Well I’m feeling better than I did yesterday that’s for sure. I was so annoyed and angered by those around me and because of where I am at the moment I let it affect me in a way I shouldn’t have. The main thing for me today was not to let those thoughts continue and bother me but to do something about it for a change.

I know in my head that taking control of the situation is the best way for me to deal with events. Call me a control freak if you like but I can’t afford to stand back and just let things happen to me, I need to be actively pursuing options and possibilities and not waiting for them to come to me. So I am starting to look more seriously at all the options I have in front of me at the moment.

That “Fork in the Road” moment is here and I need to really look seriously at what I could do and then weigh up the pros and cons of the status quo compared to the new paths available to me. I think that leaving secondary education was definitely the right move but whether where I am just now is the final stop or if I should seriously look outside of the world of academia is not something I will do without considering all possibilities first.

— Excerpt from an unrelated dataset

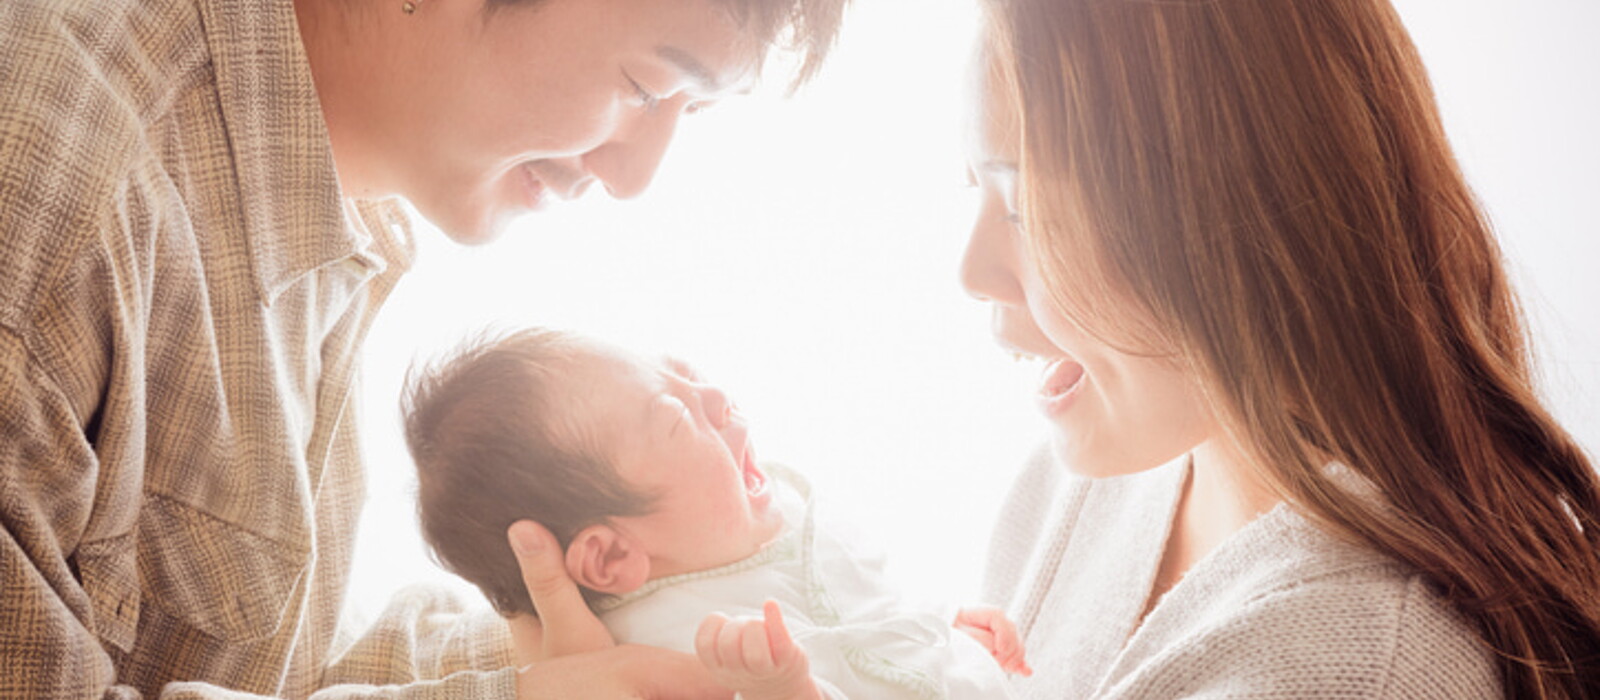 11 วิธีการเลี้ยงทารกแรกเกิด - 1 เดือน ที่พ่อแม่มือใหม่ต้องรู้

Part of me thinks that there must be opportunities out there that I would be perfect for but trapped in the academic bubble it’s hard see or understand those things from this side. The names of jobs, the “experience” issue and all the jargon and abbreviations that stare you in the face don’t help either. I know that I have a lot to offer from organisational skills to creativity to all the experiences in both my teaching career and the runaway success of the band and everything that involved.

The issue is whether with my current mindset I am looking at things in the wrong light or if this really is the moment of realisation. The best way through all this is to gather as much info as I can on transferable skills and equivalent jobs in the private sector and then make an informed decision rather than a reactionary one that I’d only regret later.

I just have a gut feeling right now that I need a bigger challenge and perhaps that lies outside of these academic walls – perhaps not, the answer could be right in front of me in teaching but I’m just not seeing it just now for looking. Either way the next few weeks will hopefully allow me to start filling in all the blanks I currently have and start to see the finished picture in front of me.